● THE TASK
Transcribe the full listing exactly, and drop every picture.

● STORED DATA
⟨

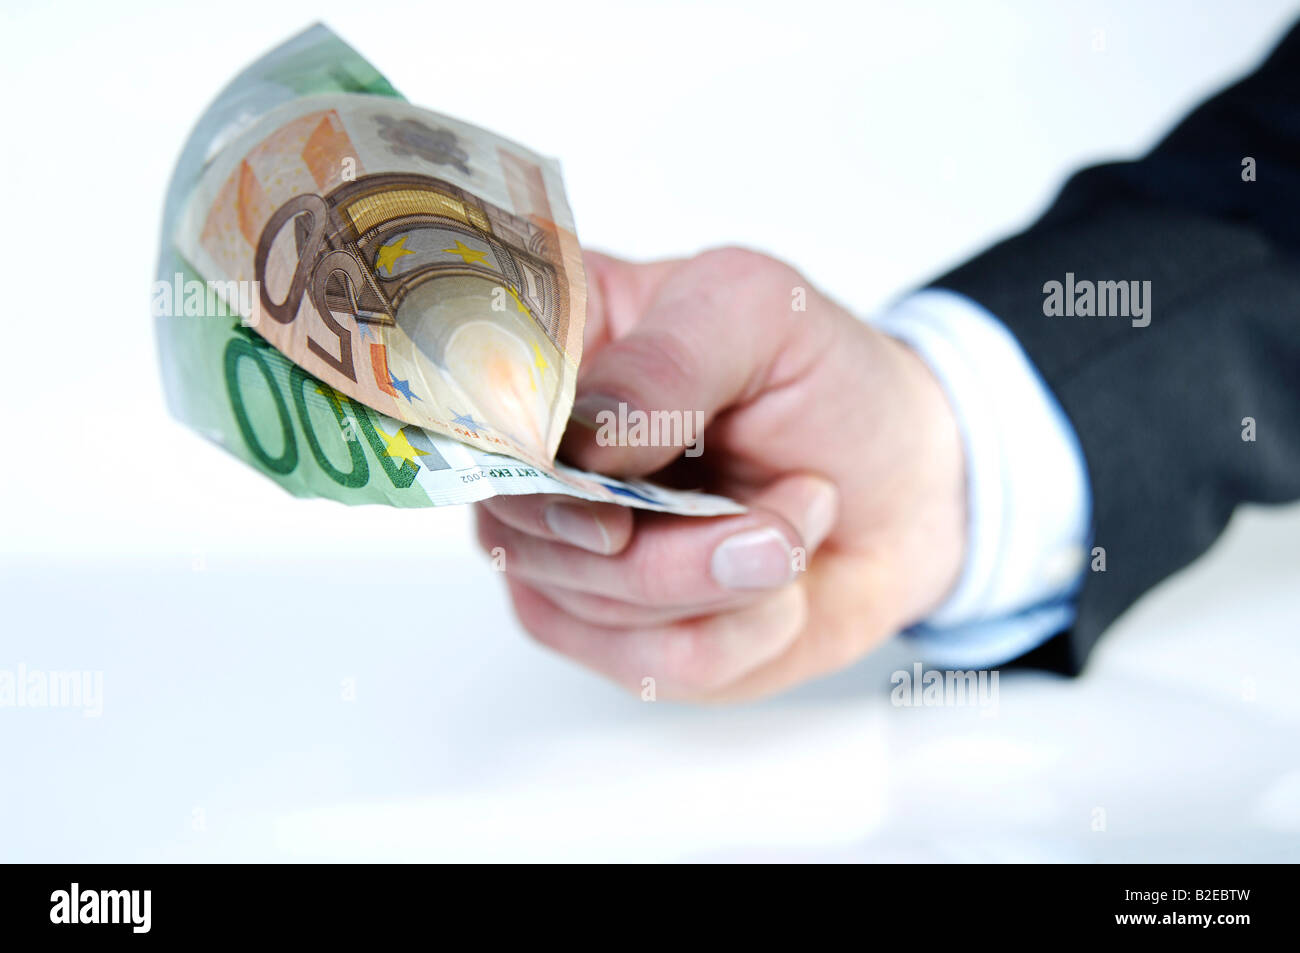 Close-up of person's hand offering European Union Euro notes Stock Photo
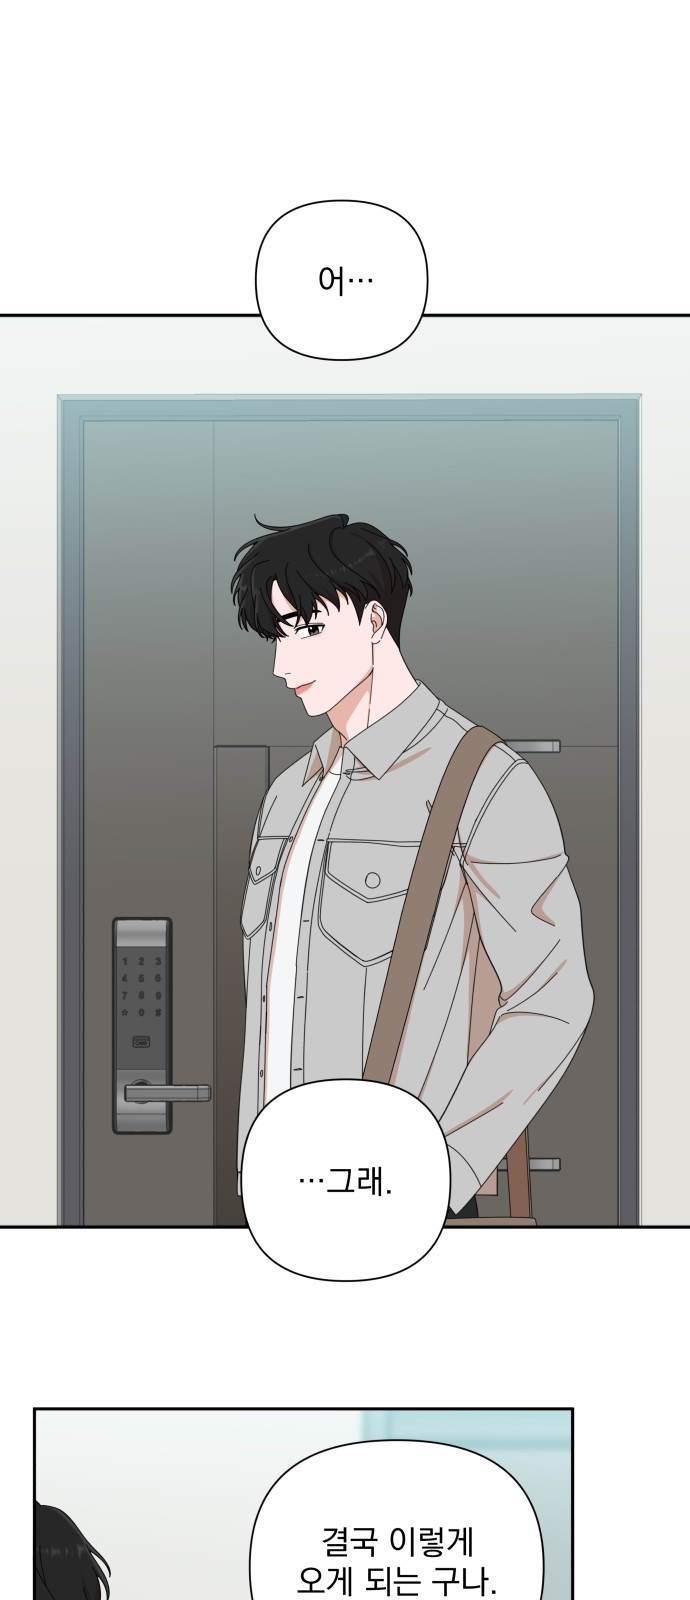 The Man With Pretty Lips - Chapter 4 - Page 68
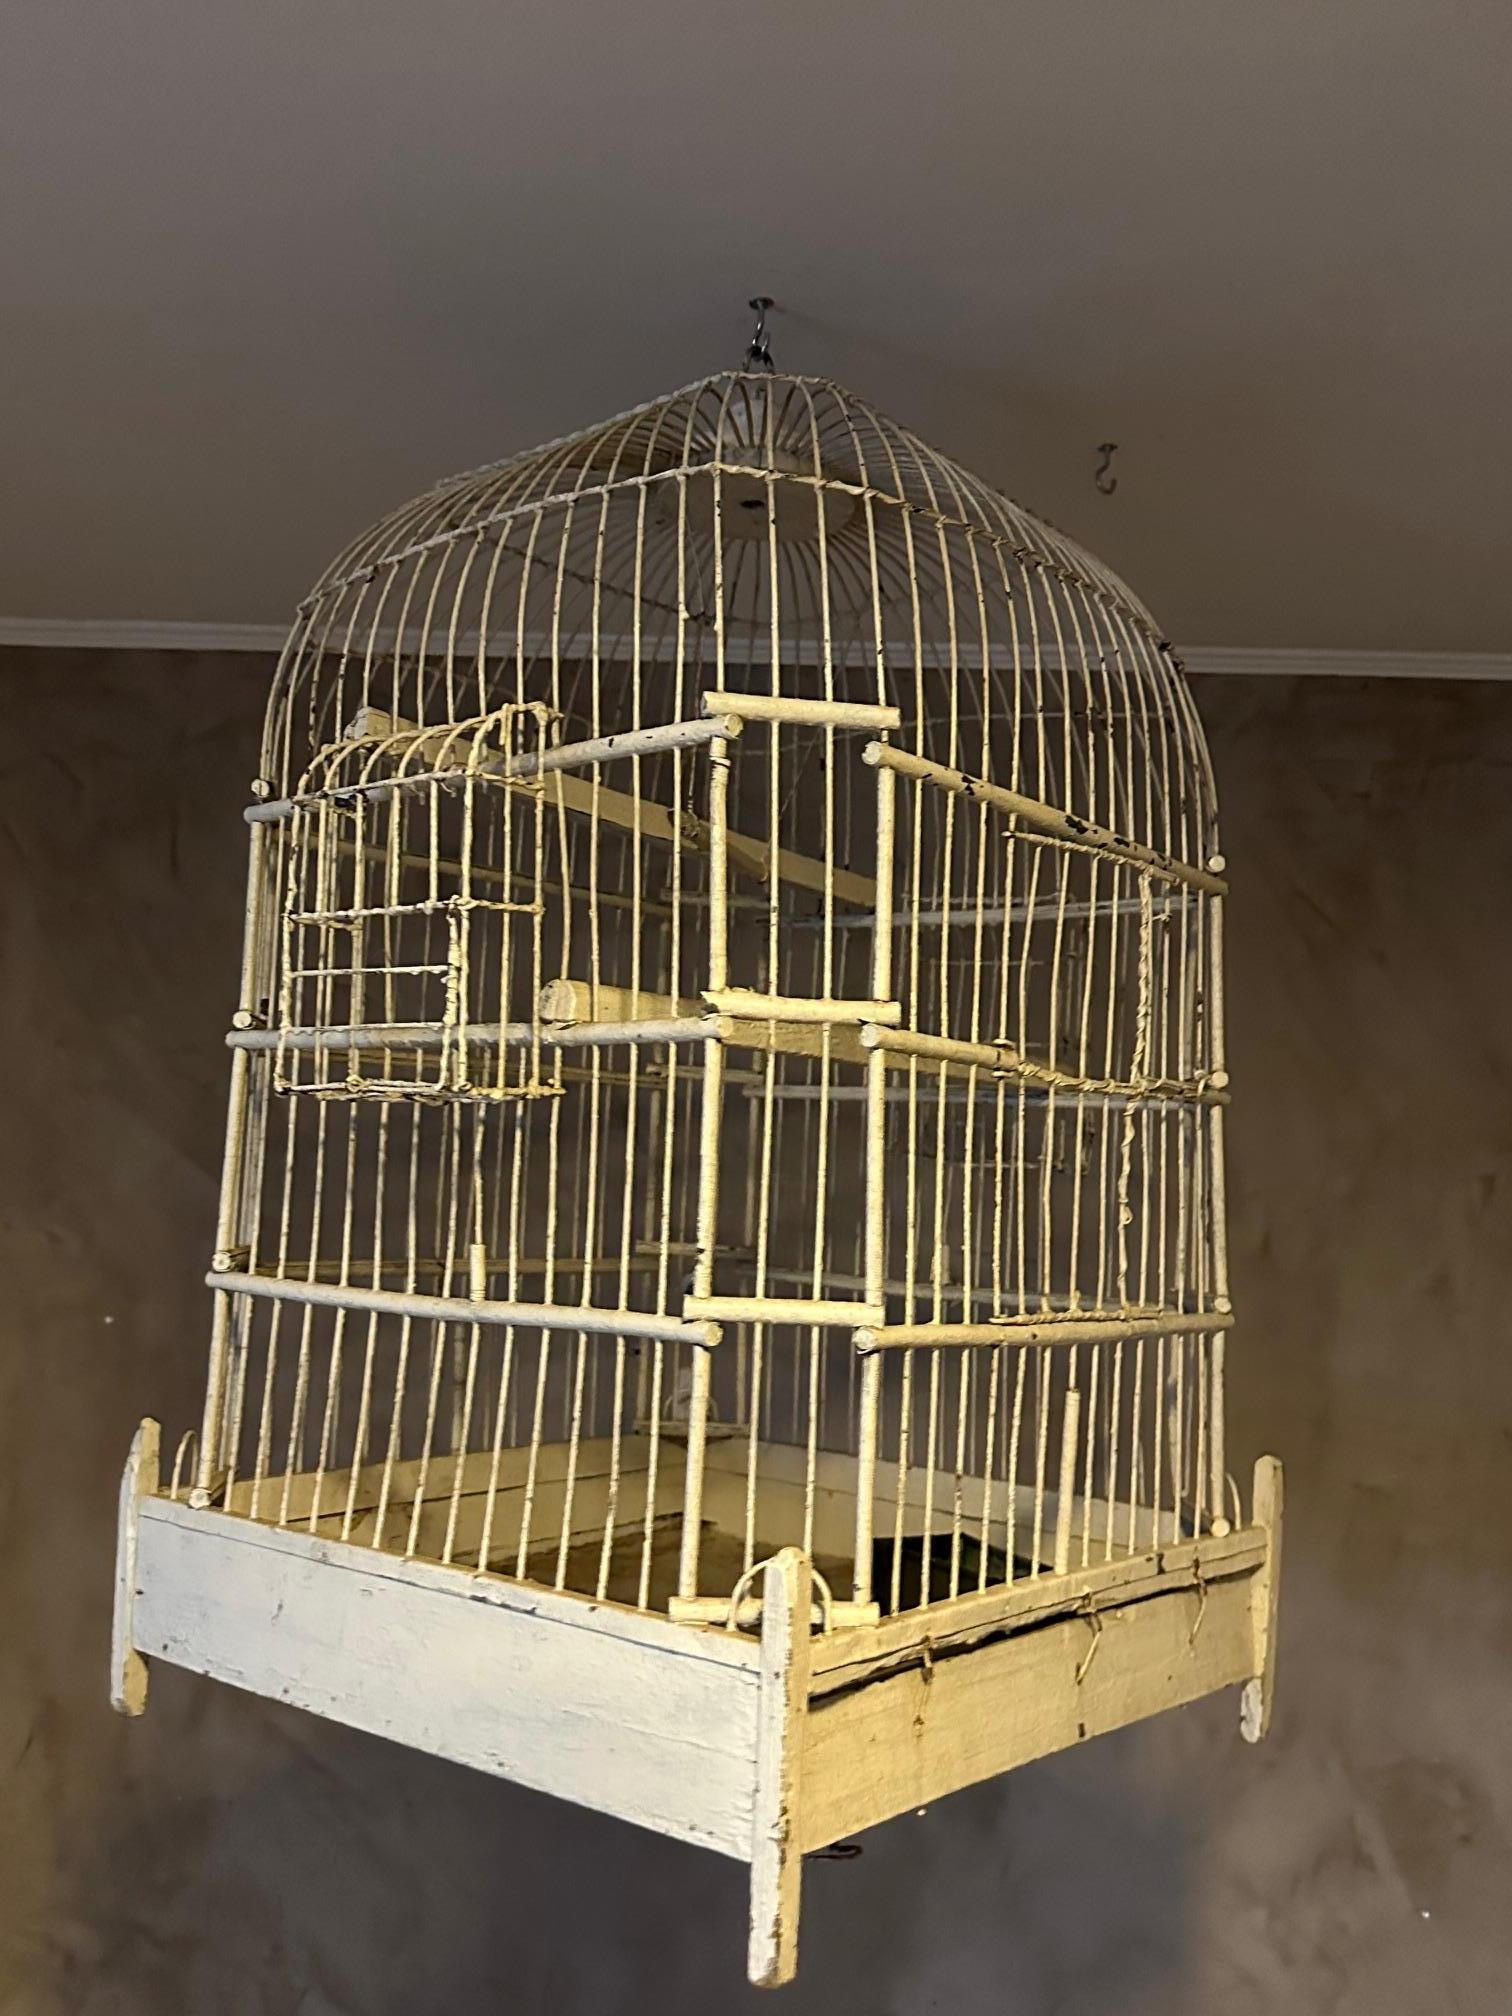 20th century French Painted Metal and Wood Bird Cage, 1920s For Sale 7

⟩

● TASK RESPONSE
 Close-up of person's hand offering European Union Euro notes Stock Photo
 The Man With Pretty Lips - Chapter 4 - Page 68
 20th century French Painted Metal and Wood Bird Cage, 1920s For Sale 7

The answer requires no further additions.